Property taxes in Texas are often higher than in many other states, and homeowners need to know whether those taxes are paid separately or included in their monthly mortgage payment. Texas homeowners should include property taxes as an important budget item.  

Below, we explain how property taxes are typically handled with mortgage payments, what an escrow account does, and what happens if you pay off your mortgage or don’t have an escrow. 

Do Mortgage Payments in Texas Include Property Taxes? 

In many cases, property taxes are included in your monthly mortgage payment through an escrow account with your lender. Lenders calculate an estimated annual tax amount, divide it by 12, and include that portion in your monthly mortgage bill. This way, you’re essentially “pre-paying” your property taxes each month instead of paying a lump sum once a year. 
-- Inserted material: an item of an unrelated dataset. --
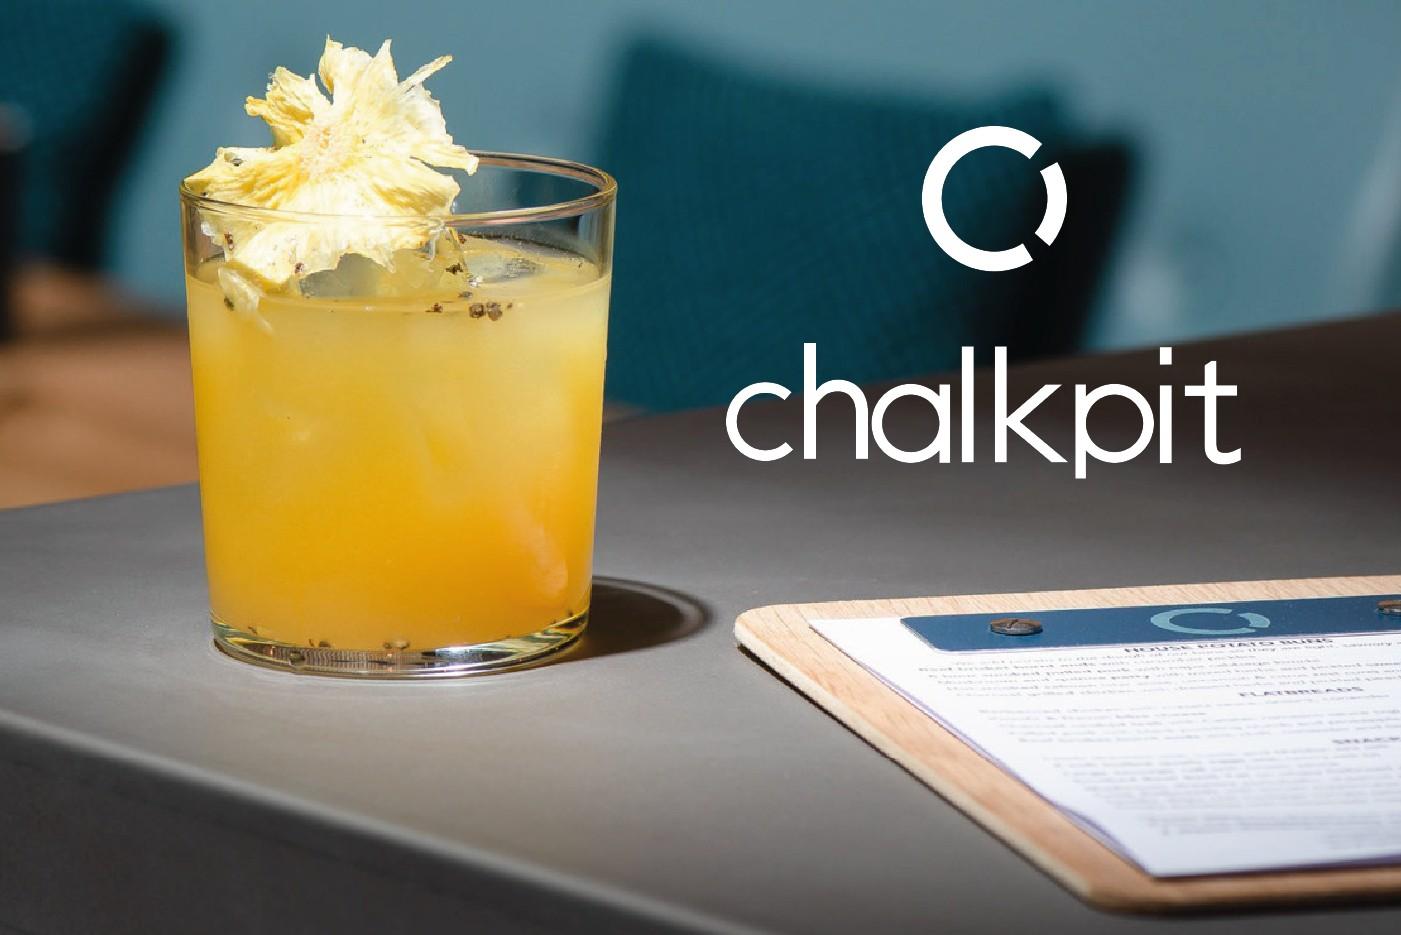 Chalkpit
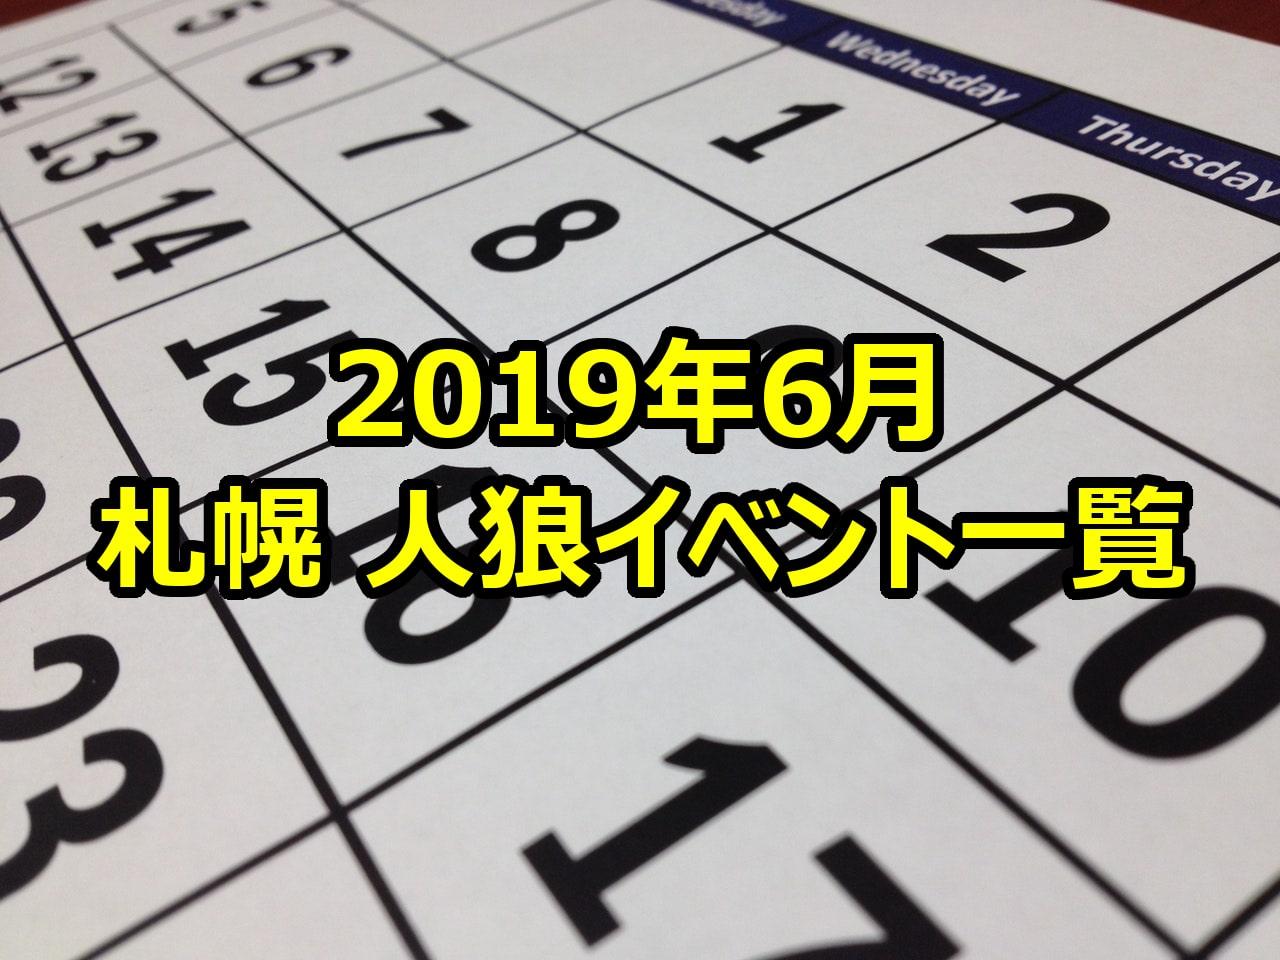 札幌 人狼ゲームイベント 2019年6月

However, property taxes and your mortgage loan are still two distinct financial obligations. The lender collects estimated taxes and places them into an escrow account, a separate holding fund, and then pays them to the county when the tax bill is due. 

What Happens if the Tax Estimate Is Wrong? 
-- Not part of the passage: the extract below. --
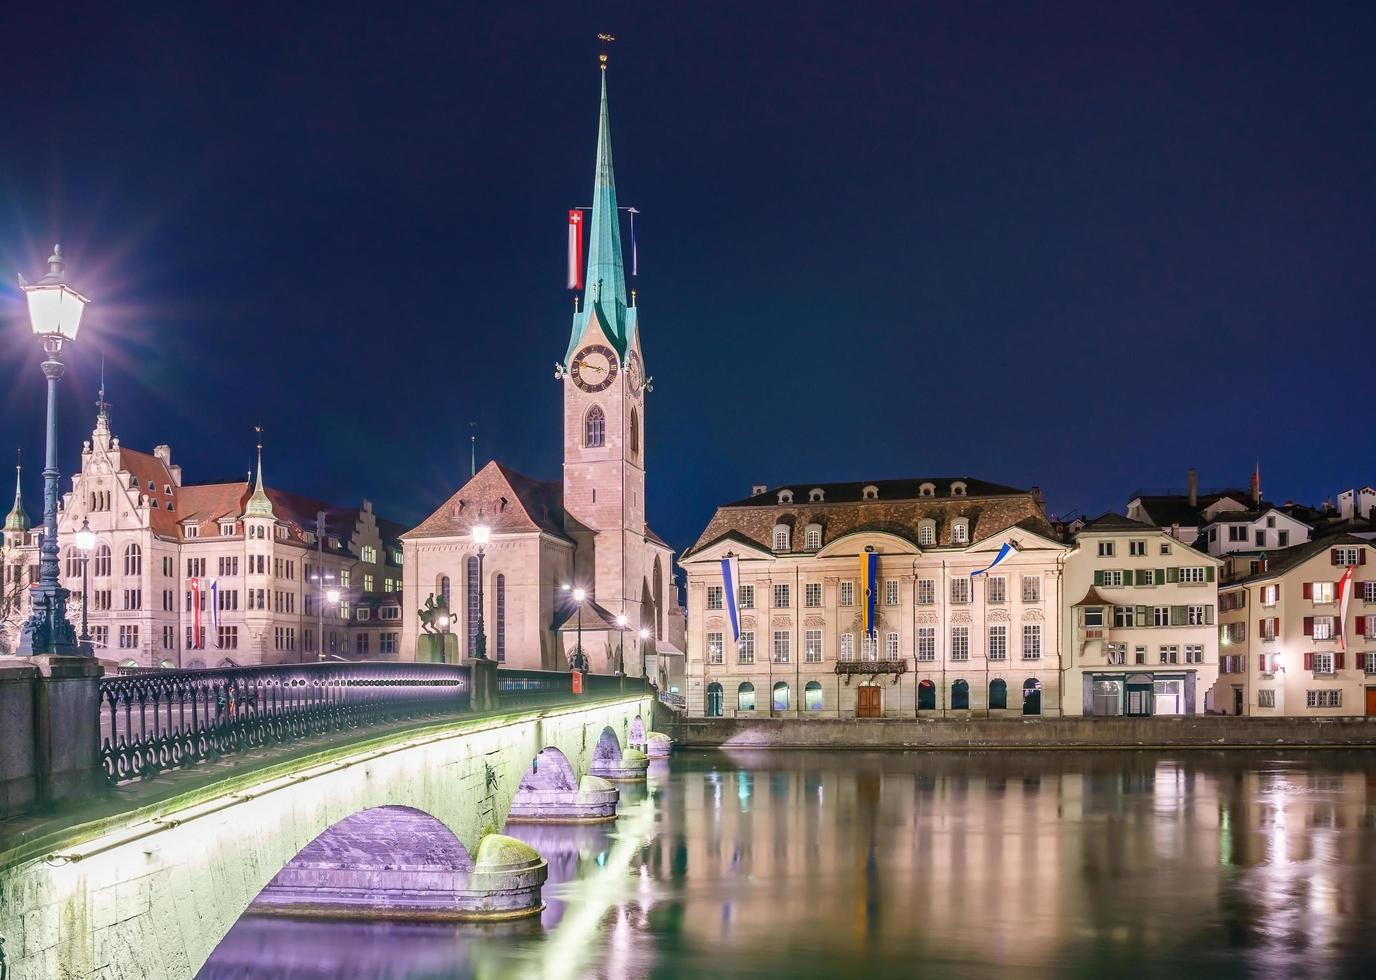 Vista del casco antiguo de Grossmunster y Zurich, Suiza foto

Estimates aren’t always perfect. If your property taxes increase unexpectedly or the lender miscalculates, you may end up with an escrow shortage, meaning there isn’t enough money in the escrow account to cover the bill. In that case, the lender may pay the difference and then give you options: 

  • Repay the shortage in one lump sum 
  • Pay it back over the next year with slightly higher monthly mortgage payments 

If your escrow account has more money than needed, your lender may refund the excess if it exceeds a certain threshold. Read our blog to learn more about how escrow accounts work.

Is It Required to Pay Property Taxes Through Your Mortgage? 

Not always. Whether property taxes are included in your mortgage payment depends on: 

  • The type of loan you have 
  • Your down payment amount

For example: 

  • FHA, VA, or USDA loans typically require an escrow account for taxes and insurance 
  • Conventional loans with less than 20% down often require escrow 
  • Some conventional loans with higher down payments may let you opt out of escrow and pay taxes directly. 

Lenders prefer escrow because it reduces the chance that taxes go unpaid. If taxes become delinquent, it can lead to liens or even foreclosure, a risk the lender wants to avoid. 

What Happens After You Pay Off Your Mortgage? 

Once your mortgage is paid off in full, you are no longer required to pay property taxes through escrow. At that point:

  • Your lender is no longer involved 
  • You must pay your property taxes directly to the county tax authority 
  • You will receive tax notices from the county, not your mortgage servicer 

Most counties provide online payment portals or mail-in options for tax payment once escrow is no longer used. 

What If You Don’t Have an Escrow Account and Can’t Pay Your Taxes? 

If you’re responsible for paying property taxes on your own, because you opted out of escrow or your mortgage doesn’t require it, and you fall behind, you may face penalties, interest, and even legal actions. In such cases, homeowners sometimes choose professional assistance to address delinquent taxes.

Johnson & Starr, for example, provides property tax loans that pay off overdue taxes and allow you to repay on a manageable schedule. This can be a helpful option for homeowners struggling with a large lump sum bill. For more information or to discuss your options, contact Johnson & Starr today.

Frequently Asked Questions (FAQS)

Do all Texas mortgages include property taxes in monthly payments? 

Not always, but many do through an escrow account, especially if you have certain loan types or less than 20% down. 

What is an escrow shortage? 


An escrow shortage happens when the amount in your escrow account isn’t enough to cover your tax bill. Your lender may advance the payment and give you options to repay. 

Can I pay my taxes separately from my mortgage? 


Yes, if your loan allows you to opt out of an escrow account, you can pay property taxes directly to the county. 

Why do lenders require escrow for property taxes? 


Escrow helps ensure property taxes are paid on time, protecting both you and the lender from liens or potential foreclosure due to unpaid taxes. 

Can my property taxes increase even if my mortgage payment stays the same? 


Yes. Property taxes are set by your local taxing authorities and can increase based on changes in home value or tax rates. Even if your principal and interest stay the same, an increase in property taxes can raise your monthly mortgage payment if you have an escrow account.